Another popular variable width encoding for Unicode characters: It uses either 2 bytes or 4 bytes to store characters. However, people are now slowly realizing that UTF-16 may be wasteful and not such a good idea. But that’s another topic.
Little Endian or Big Endian
Endian is pronounced “End-ian” or “Indian”. The term traces its origin to Gulliver’s Travels.
Little or Big Endian is just a convention for storing and reading groups of bytes (called words) from memory. This means when you give your computer the letter A to store in memory in UTF-16 as two bytes, your computer decides using Endianness scheme it is using whether to place the first byte ahead of second byte or the other way around. Ah, this getting confusing. Let’s look at an example: Let’s say you want to save the attachment from your long lost friend you downloaded using UTF-16, you could end up with the following bytes in UTF-16 depending on the computer system you are on:
00 48 00 65 00 6C 00 6C 00 6F (big end, the high order byte is stored first, hence Big Endian)
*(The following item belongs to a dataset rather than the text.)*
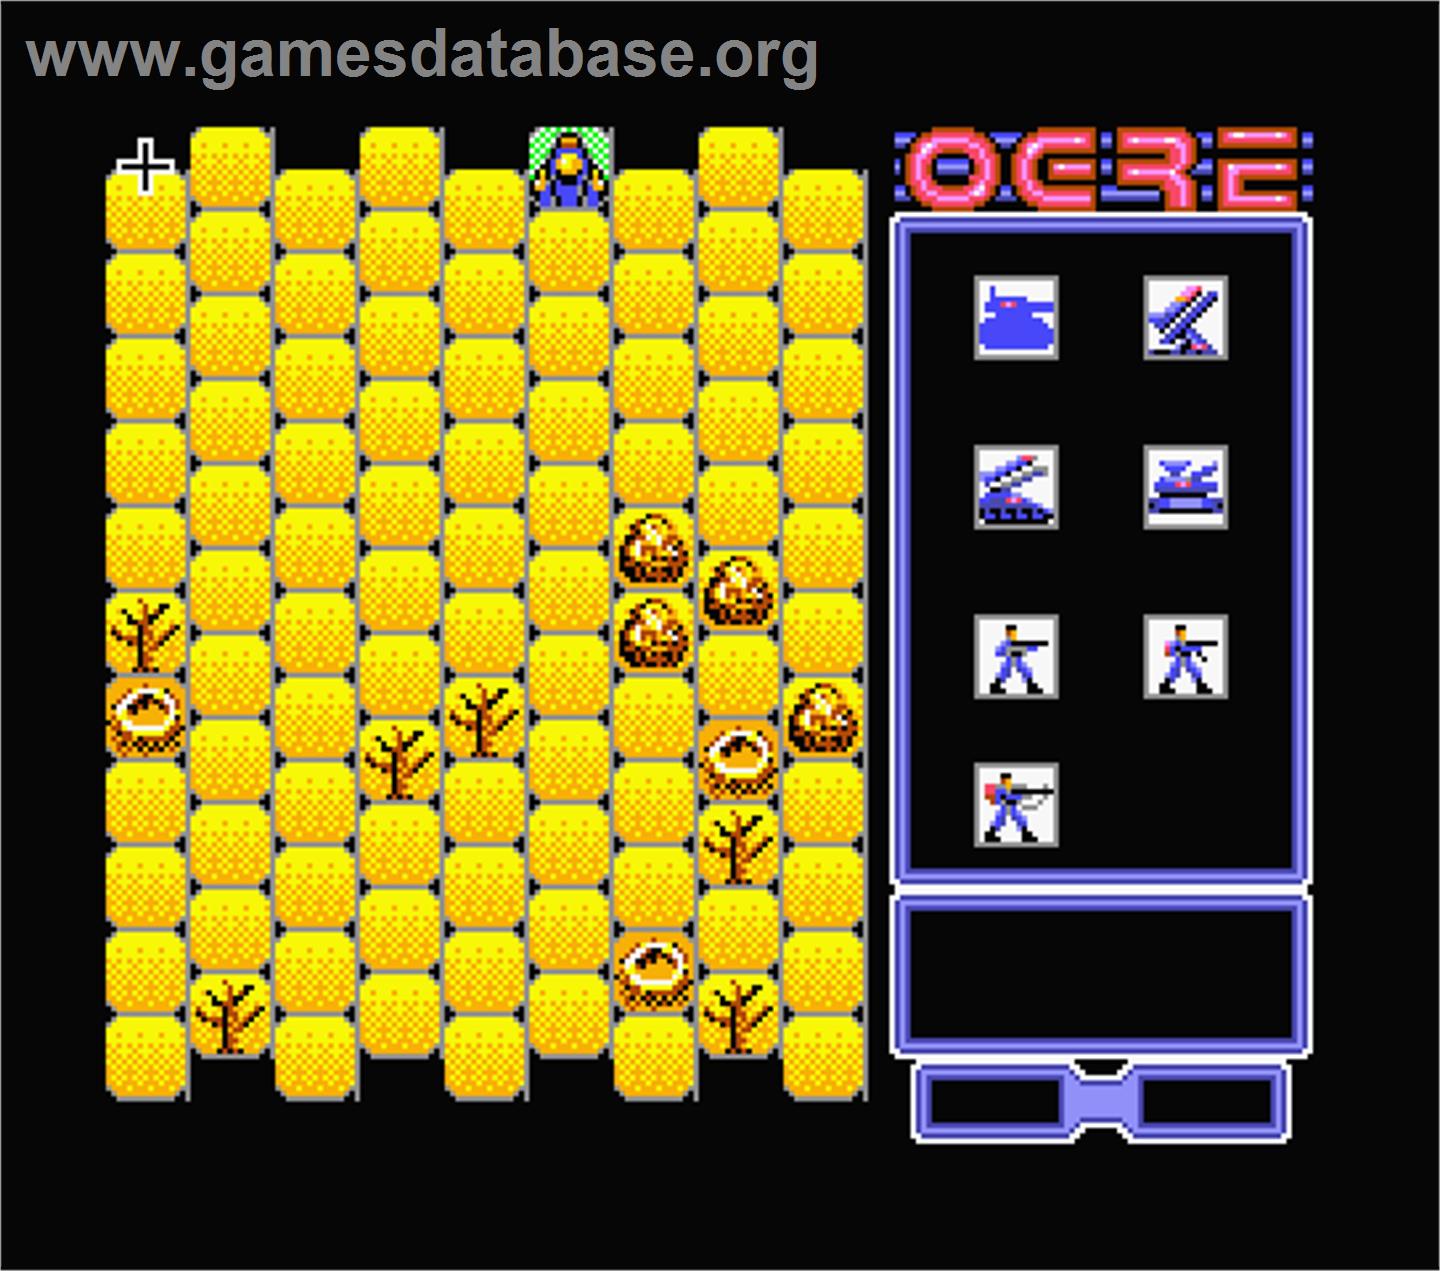 Ogre - MSX 2 - Artwork - In Game

48 00 65 00 6C 00 6C 00 6F 00 (little end, the low order byte is stored first, hence Little Endian)
Endianness is just a matter of preference by microprocessor architecture designers. For example, Intel uses Little Endian, while Motorola uses Big Endian.
Byte Order Mark
If you regularly transfer documents between Little and Big Endian systems and wish to specify endianness, there is a weird convention known as the Byte Order Mark or BOM for that. A BOM is a cleverly designed character which is placed at the beginning of the document to inform reader about the endianness of the encoded text. In UTF-16, this is acheived by placing FE FF, as the first byte. Depending on the Endianness of the system the document is accessed on, this will appear as either FF FE or FE FF, giving parser immediate hint of the endianness.
BOM, while useful, isn’t neat since people have been using a similar concept called “Magic Byte” to indicate the File Type for ages. The relation between BOM and Magic Byte isn’t well defined and may confuse some parsers.
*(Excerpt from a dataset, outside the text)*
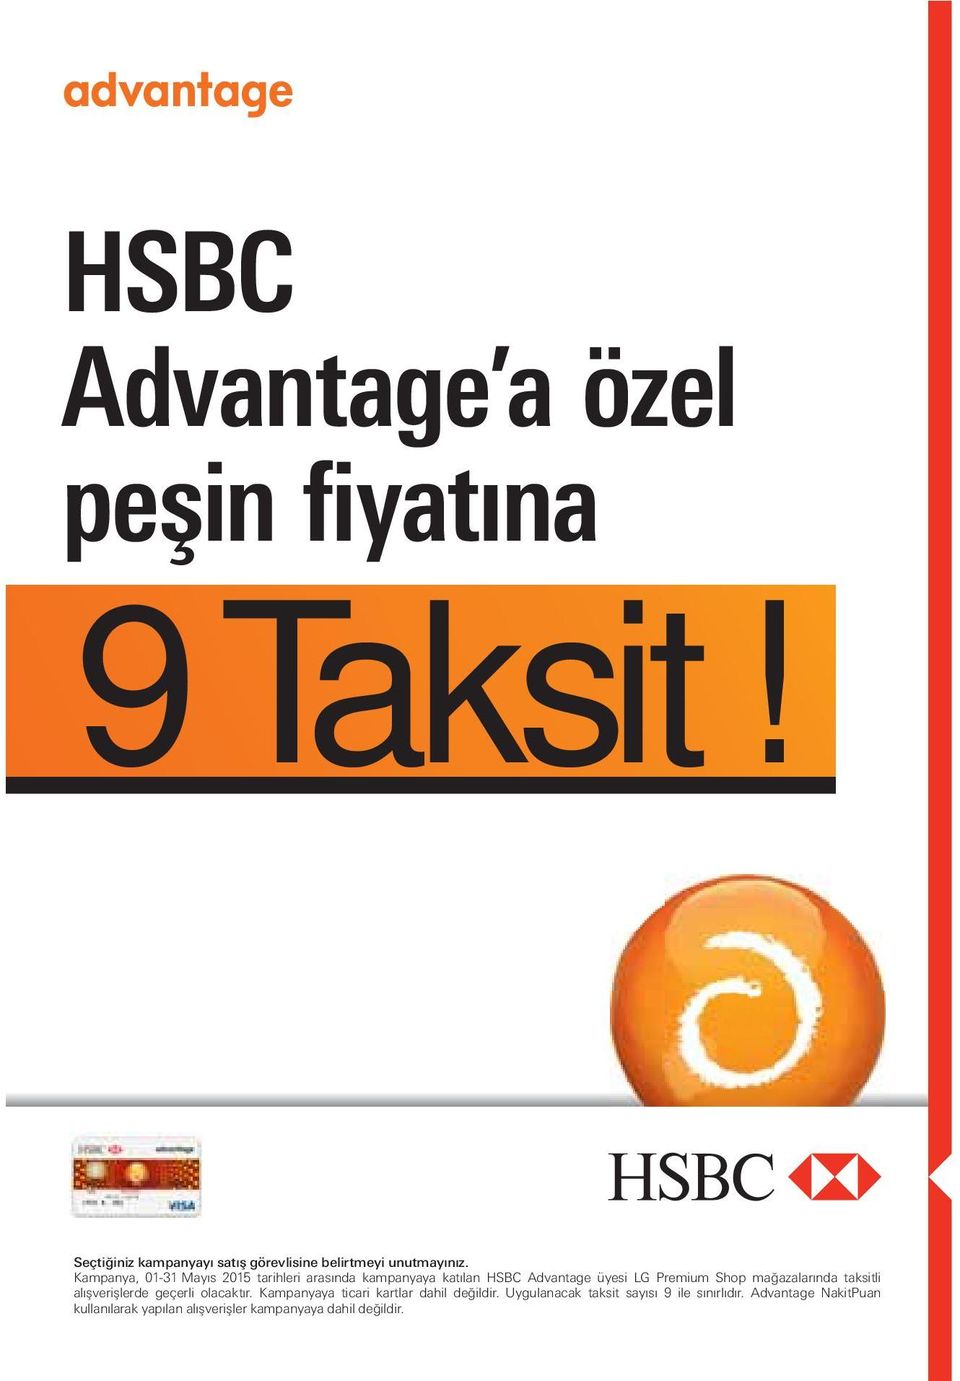 Kampanya, 01-31 Mayıs 2015 tarihleri arasında kampanyaya katılan HSBC Advantage üyesi LG Premium Shop

Alright, that is all folks. Congratulations on making it this far: You must be an endurance reader.
Remember the bit about there being no such thing as “plain text” introduced at the beginning of this post that left you wondering how does your text editor or Internet Browser displays correct text every time? The answer is that the software deceives you and that is why a lot of people don’t know about encoding: when the software cannot detect the encoding, it guesses. Most of the time, it guesses the encoding to be UTF-8 which covers its proper subset ASCII, or for that matter ISO-8859-1, as well as partial coverage for almost every character set ever conceived. Since the latin alphabet used in English is guaranteed to be the same in almost all encodings, including UTF-8, you still see your english language characters displayed correctly even if the encoding guess is wrong.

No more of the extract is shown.